Андрею Акимовичу Шемшурину

Где синих гор сомкнулся полукруг,

Стариннных дней Италии, — далекой

Жестоких севера заиндевевших вьюг,

Широкий профиль бросил храм высоко.

  Волчицей Ромул вскормленный, что Рим

  Впервые очертил (веках) могучим плугом,

  И Татиус-король Сабинянами чтим

  Его воздвигли Янусу почтении сугубом.

И годы светлые, свирелью пастухов

Звучащие, несущих колос, нивах,

Прочнейший на дверях его висит засов —

Хранитель очагов счастливых.

  Когда же воинов на поле бранный клич

  Зовет мечей и копий строем,

  Войны, войны подъят разящий бич:

  «Мы двери Януса кровавые откроем!»

Январской стужи близится чело.

О Янус званный голубыми днями!

Офортные штрихи, о сумрачный Калло!

Нежданно вставшие пред нами…

  И эти дни возгромоздился храм,

  Громах батальной колесницы…

  Но нынче храм сердцах (как гнезда тяжких ран)…

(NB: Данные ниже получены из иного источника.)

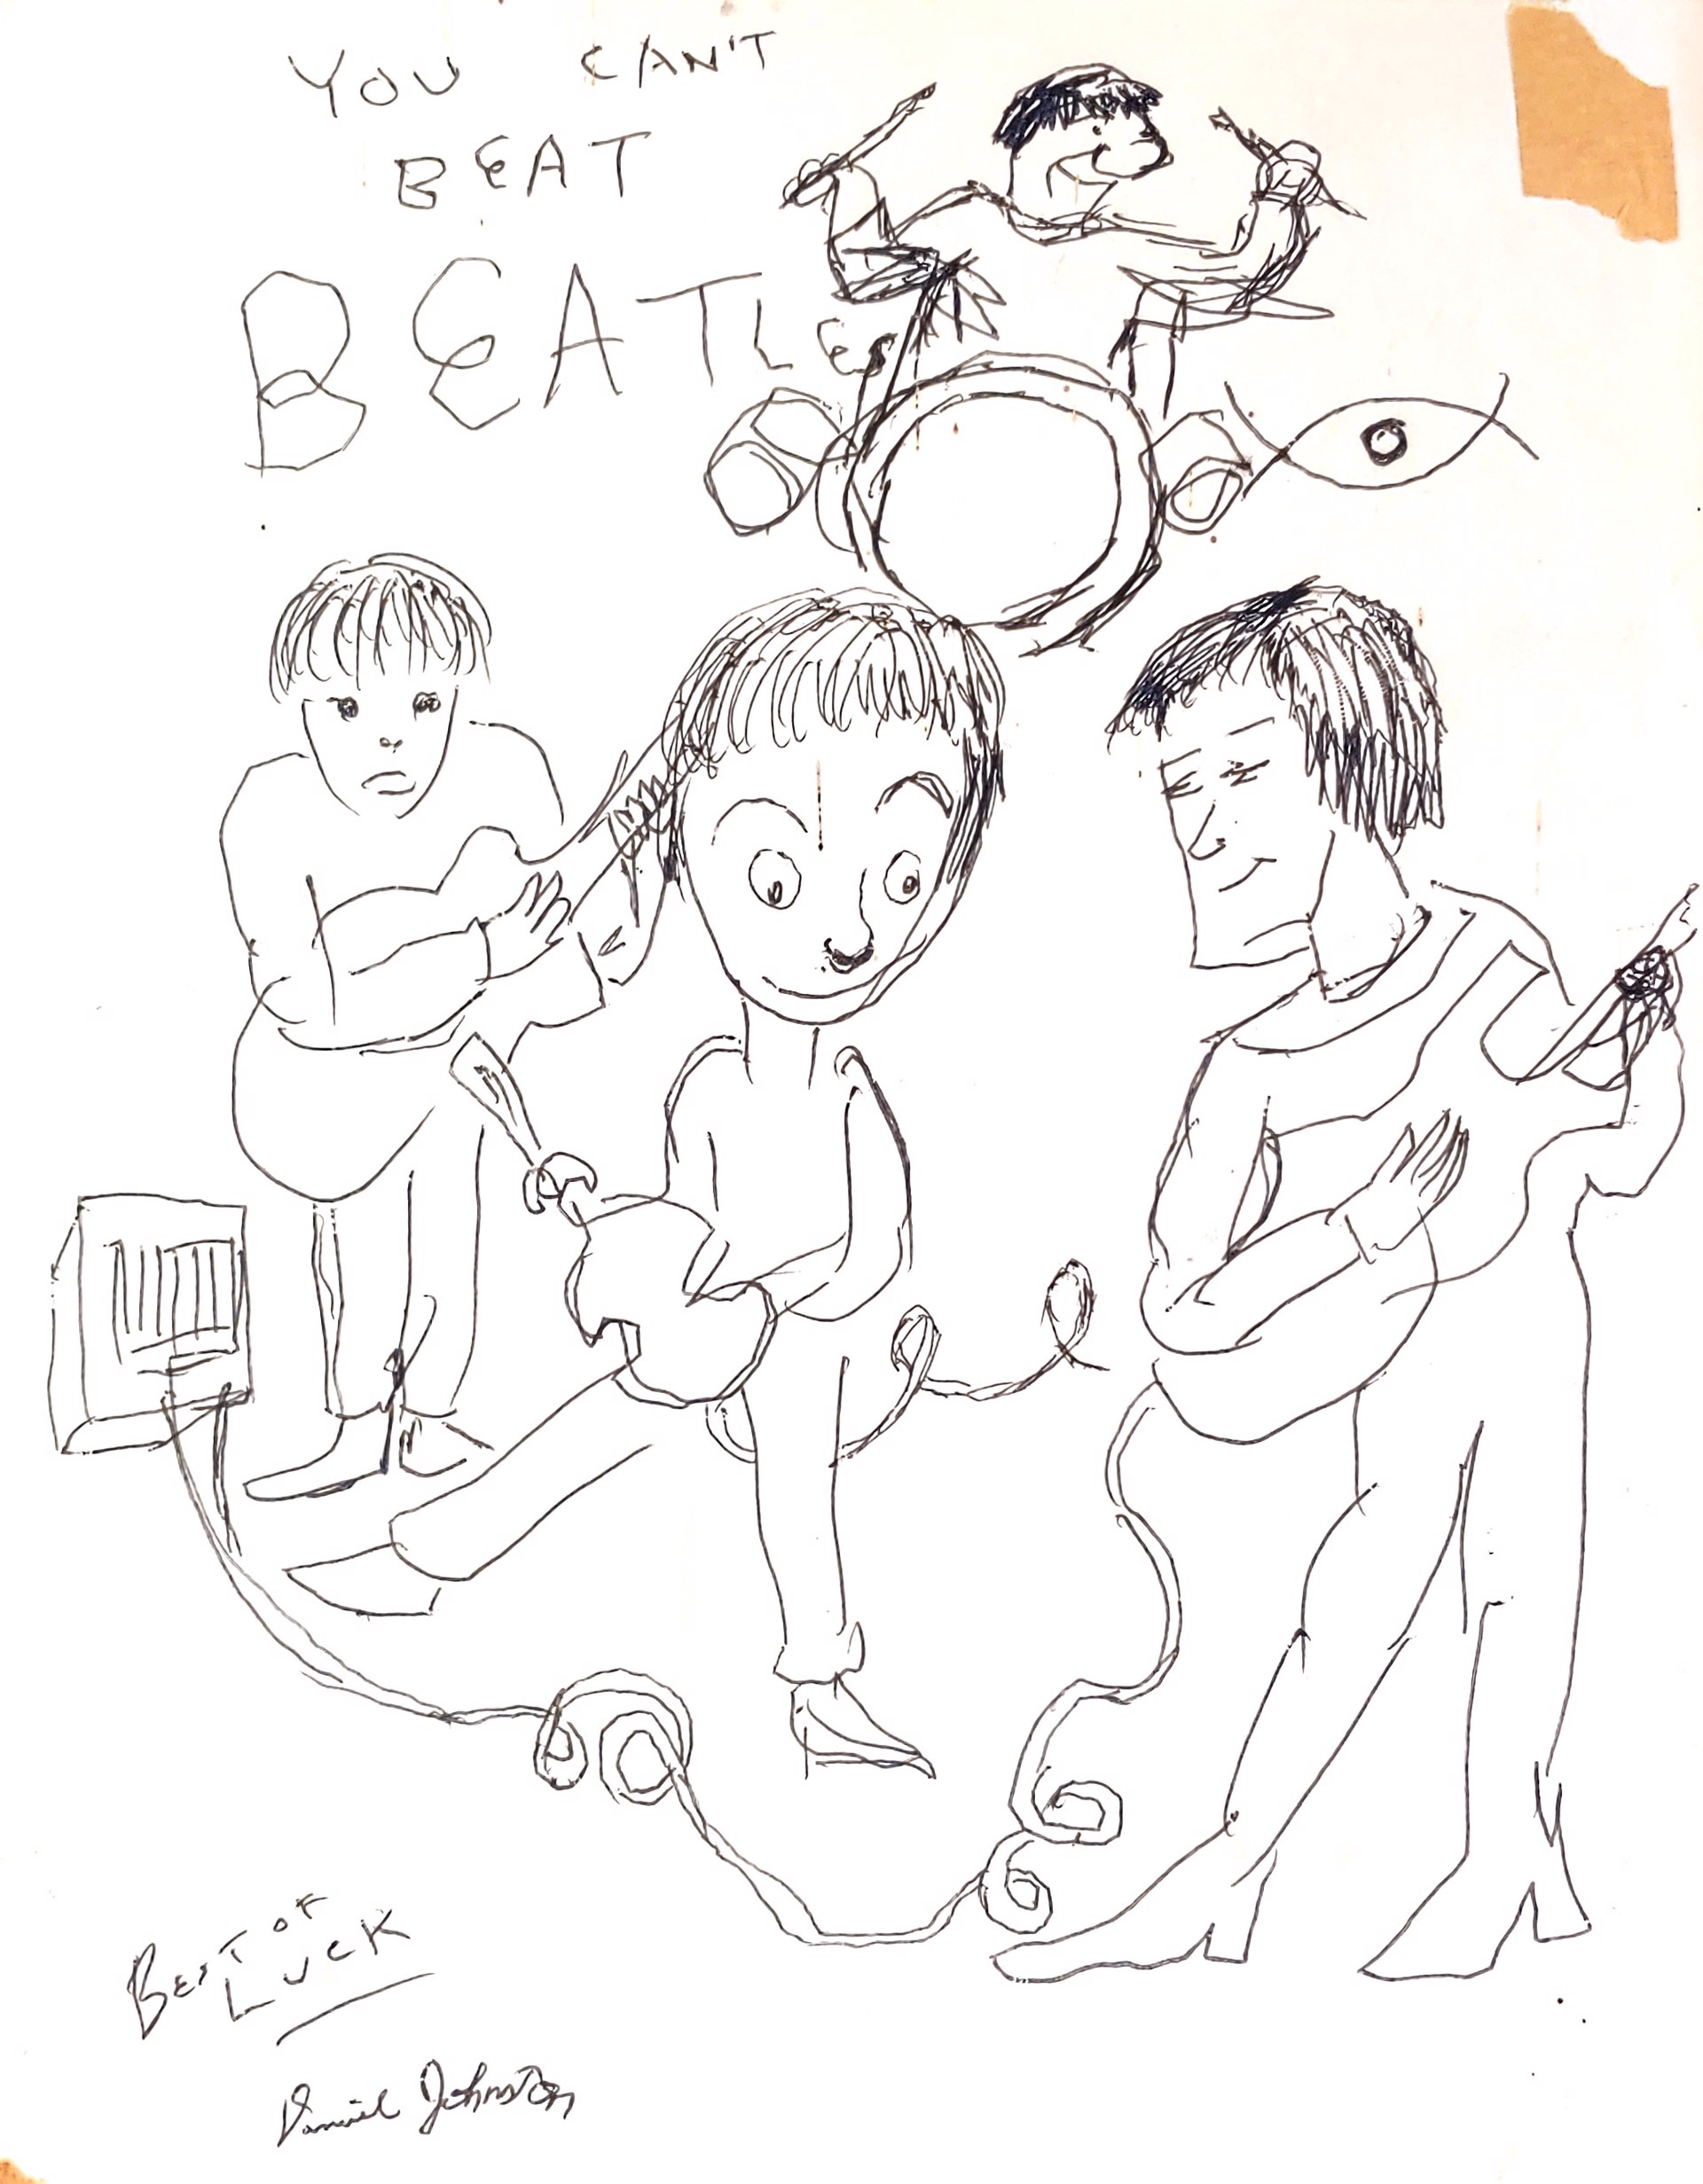 You Can't Beat Beatles by Daniel Johnston

  Отверзты входа черные зеницы…

«Зима взрастила хлад морозный…»

Зима взрастила хлад морозный,

Цветок глубин и тьмы,

Пророк дерзающе нервозный

Благоуханной кутерьмы.

  Зима роняет лепестки

  На долы-льды, суровость, лавы

  Свевают стружки верстаки:

  Алмазы-плагины отравы.

Зима стучит своей клюкой,

Она хрипит (каркас железный)

И голос дыбит вековой

И шлейф роняет густо-звездный.

  На стекла легких мотыльков

  Бросает стаею ночною

  И женский холодит альков

  Своей морозною струною.

На пол лощеный розы пять

презрев, не ступят, осторожность

и бури вьюжные хранят

свиданий прежних невозможность.

Поющая ноздря

Кует кудесный купол крики

Вагон валящийся ваниль.

Заторопившийся заика

Со сходством схоронил.

Ростов Дон. 1914

Превосходства

1. Небо чище, небо выше

Всех кто здесь прилежно дышет.

2. А вода всегда светлей

Девьих призрачных очей.

3. И нежней речной песок,

чем согретый твой сосок.

4 Камень, камень ты умней,

Всех задумчивых людей.

5. И безмернее машина

Силе хладной исполина.

«Утренние дымы деревень твоих…»

Утренние дымы деревень твоих,

Утром порожденный, мгле пропетый стих.

Голубые розы просветленных глаз

И широкий женский плодоносный таз.

А оврагах клочья

Без надежды снега,

Точно многоточья

      α и ω.

Воронеж 1914

«Звуки на а широки и просторны…»

Звуки на а широки и просторны,

Звуки на и высоки и проворны,

Звуки на у, как пустая труба,

Звуки на о, как округлость горба,

Звуки на е, как приплюснутость мель,

Гласных семейство смеясь просмотрел.

«Взрасти взрасти свои сады…»

Взрасти взрасти свои сады

Весенняя Семирамида.

Дактилоскопия ветров

Синий вечер соперничал оранжевым цветком лампы. Темнота вила свои шелка.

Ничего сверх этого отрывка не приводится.